The region labels map is corrected accordingly. In such a manner, the process is 
subsequently repeated at all descending levels until the segmentation of the original input 
image is successfully accomplished. 
At each processing level, every segmented image object-region (whether just recovered or 
an inherited one) is registered in the objects’ appearance list (the Stocked Level Descriptions 
rectangle in Fig. 1), which is the third constituting part of the proposed scheme. 
The registered object parameters are the available simplified object’s attributes, such as size, 
center-of-mass position, average object intensity and hierarchical and topological 
relationship within and between the objects (“sub-part of…”, “at the left of…”, etc.). They 
are sparse, general, and yet specific enough to capture the object’s characteristic features in a 
variety of descriptive forms. 
This way, a practical algorithm based on the announced above principles has been 
developed and subjected to some systematic evaluations. The results were published, and 
can be found in  (Diamant, 2004; Diamant, 2005; Diamant, 2005a). There is no need to repeat 
again and again that excellent, previously unattainable segmentation results have been 
attained in these tests, undoubtedly corroborating the new information processing 
principles. Not only an unsupervised segmentation of image content has been achieved, (in 
a top-down coarse-to-fine processing manner, without any involvement of high-level 
knowledge), a hierarchy of descriptions for each and every segmented lot (segmented sub-
object) has been achieved as well. It contains a set object related parameters, which enable 
subsequent object reconstruction.
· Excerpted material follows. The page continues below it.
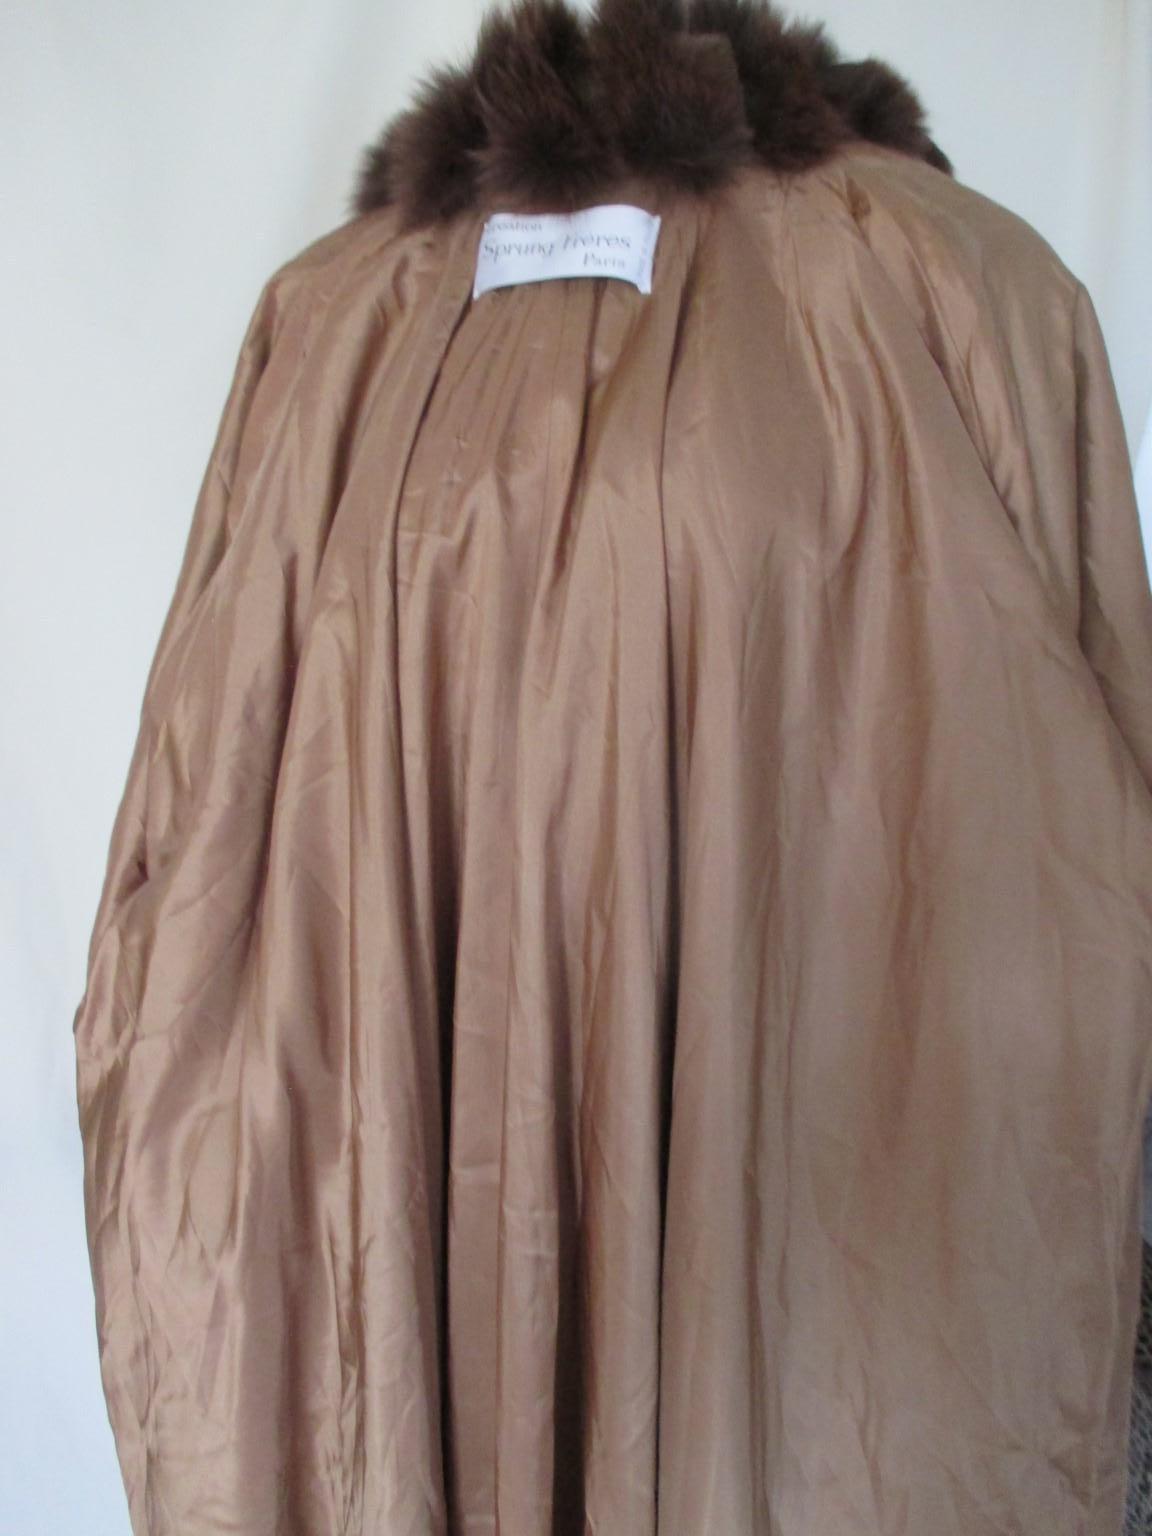 Sprung Freres Paris Brown Cashmere Fur Stole Cape For Sale 4

That is exactly what we have previously defined as 
information.  That is the reason why we specify this information as “physical information”, 
because that is the only information present in an image, and therefore the only 
information that can be extracted from an image. 
4.2 Semantic information processing 
Semantic information, which (as we understand now) conveys the property of an external 
observer, is completely dissociated from the physical information contained in an image. 
Therefore it must be treated (or modeled) in accordance with observer-specific (his/her) 
cognitive information processing rules.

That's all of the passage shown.